## Available data
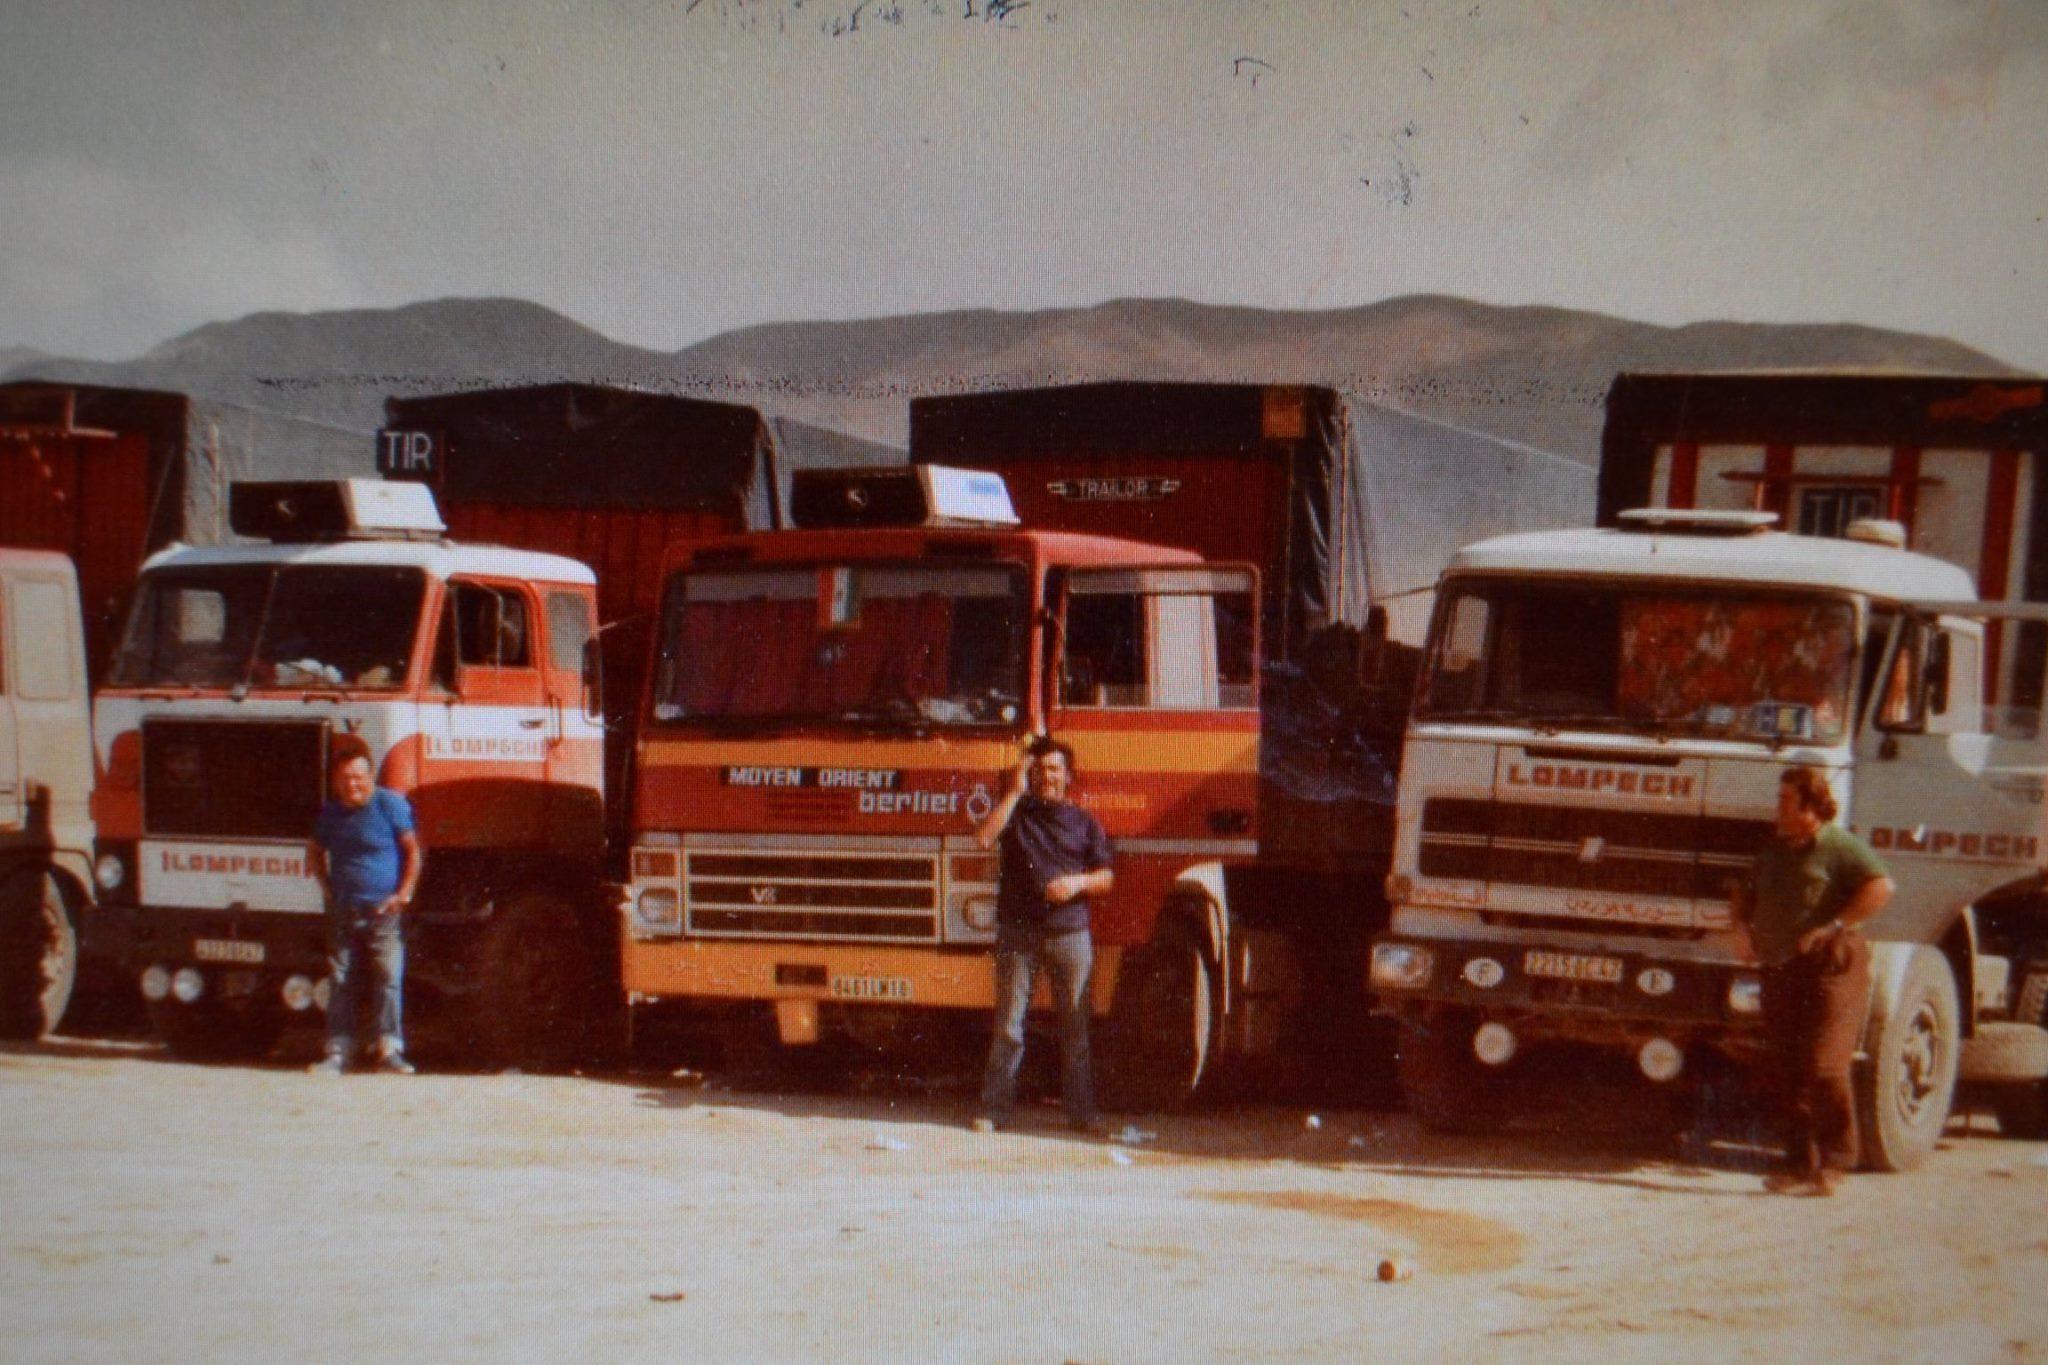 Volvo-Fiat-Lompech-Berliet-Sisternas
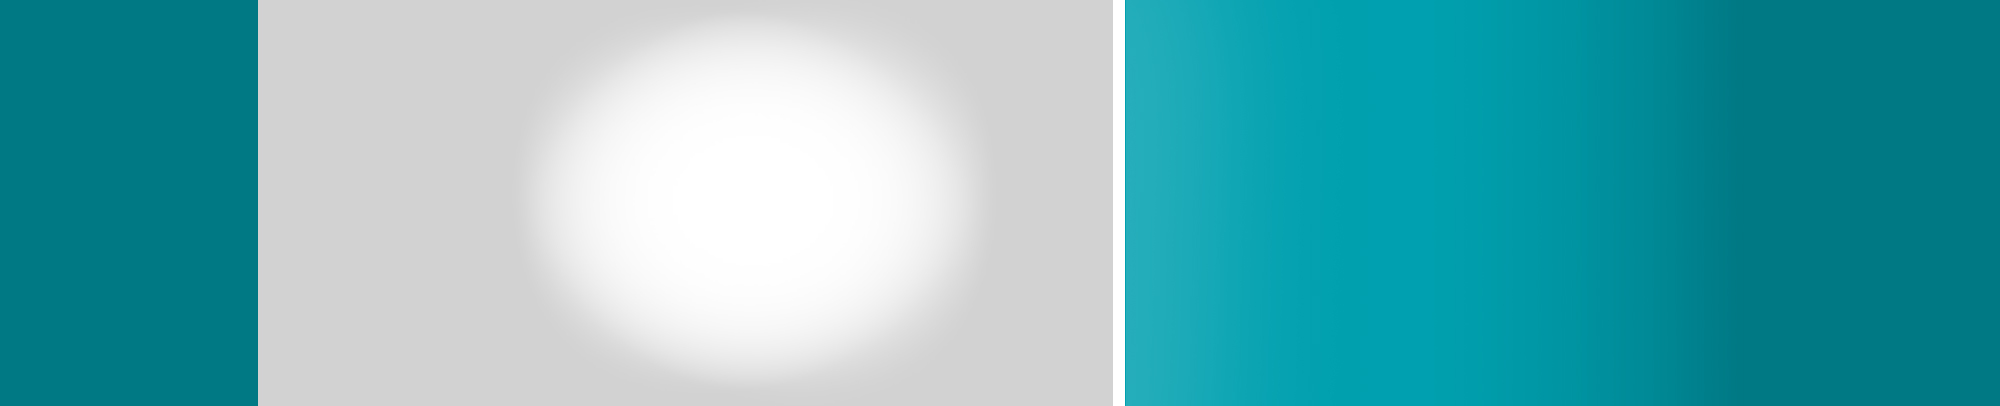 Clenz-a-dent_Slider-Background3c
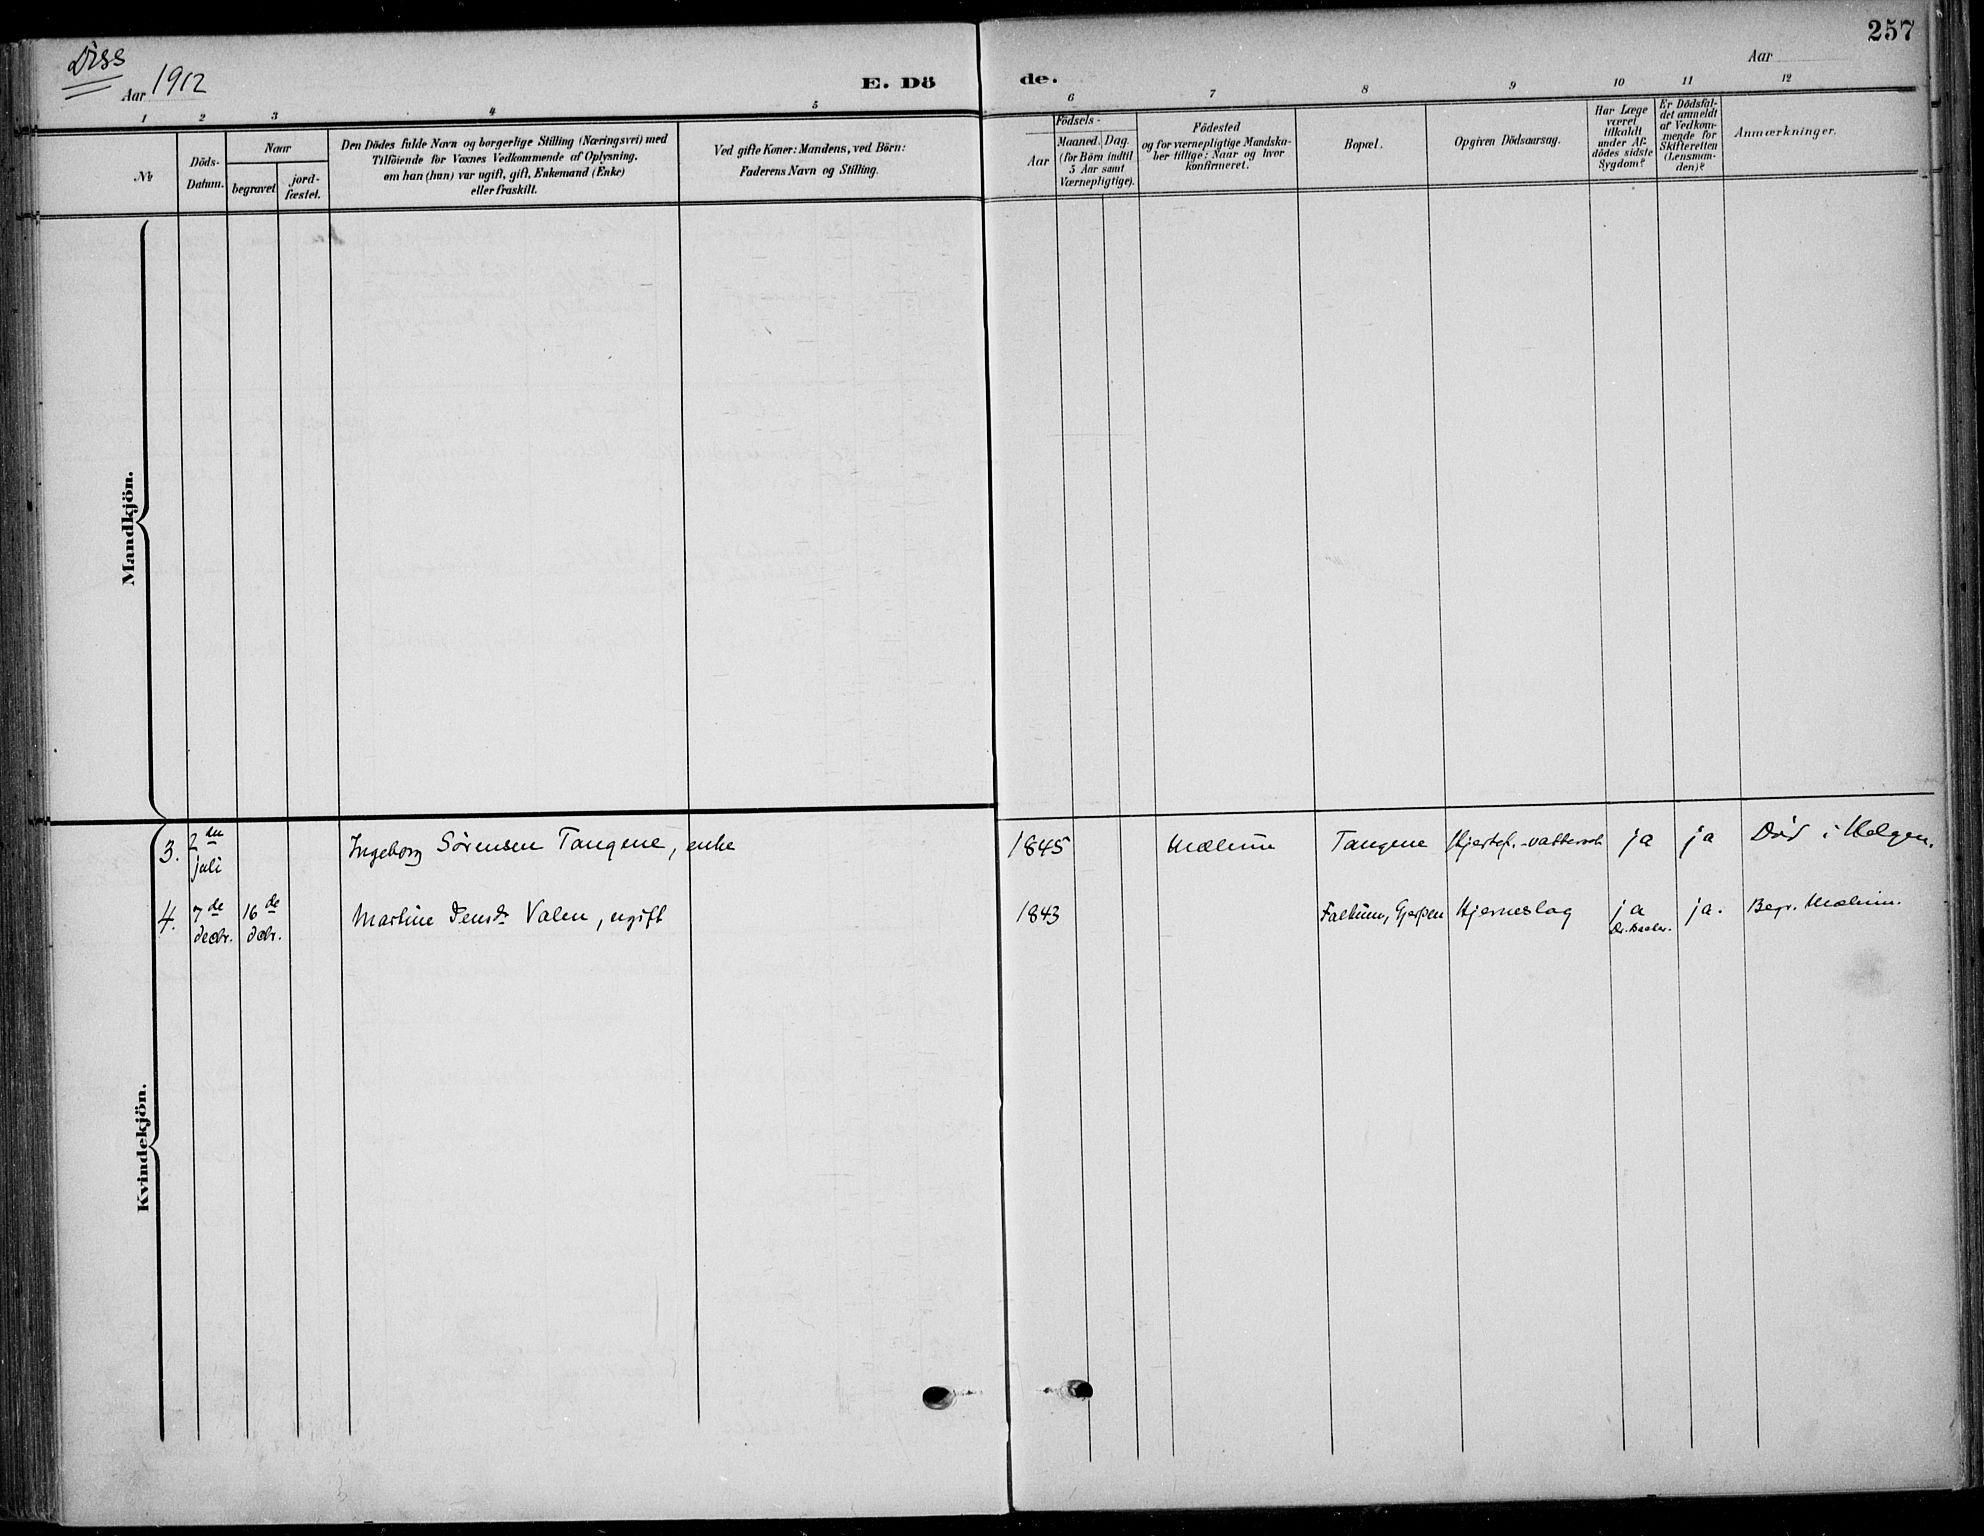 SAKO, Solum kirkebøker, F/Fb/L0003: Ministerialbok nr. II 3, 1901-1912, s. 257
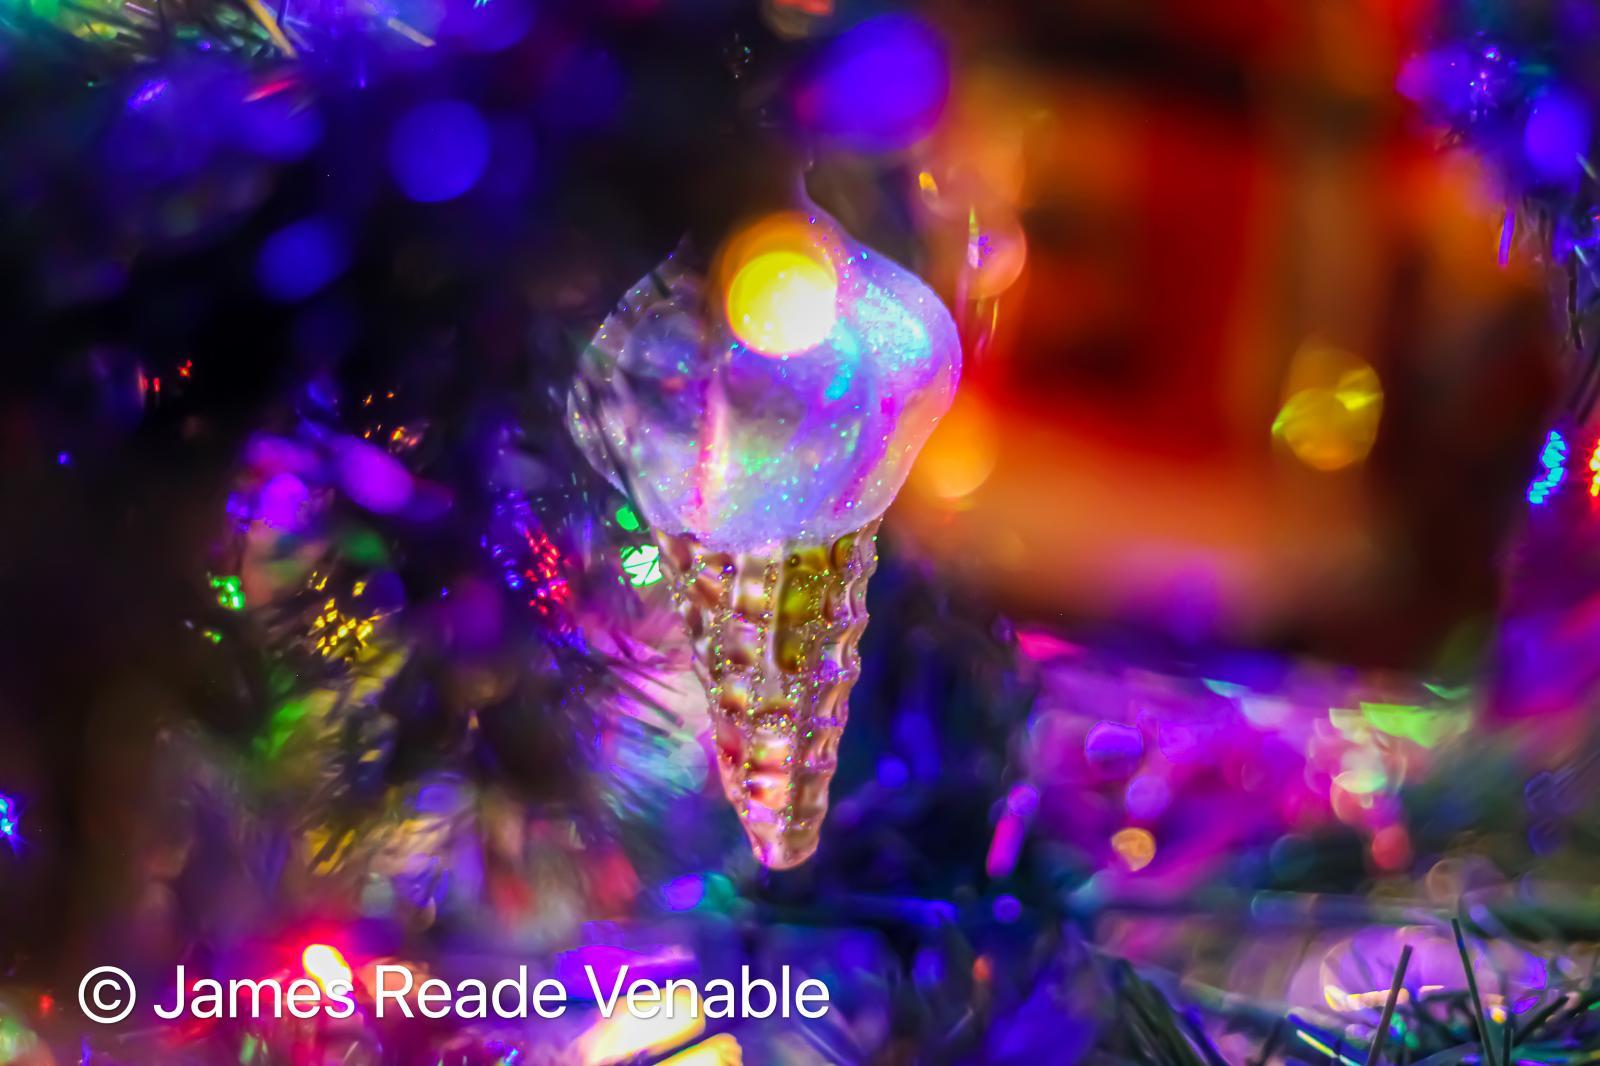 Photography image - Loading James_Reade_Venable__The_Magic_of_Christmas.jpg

## About this task
Restate all of the material word for word. Keep out every picture.

## Answer for the task
 Volvo-Fiat-Lompech-Berliet-Sisternas
 Clenz-a-dent_Slider-Background3c
 SAKO, Solum kirkebøker, F/Fb/L0003: Ministerialbok nr. II 3, 1901-1912, s. 257
 Photography image - Loading James_Reade_Venable__The_Magic_of_Christmas.jpg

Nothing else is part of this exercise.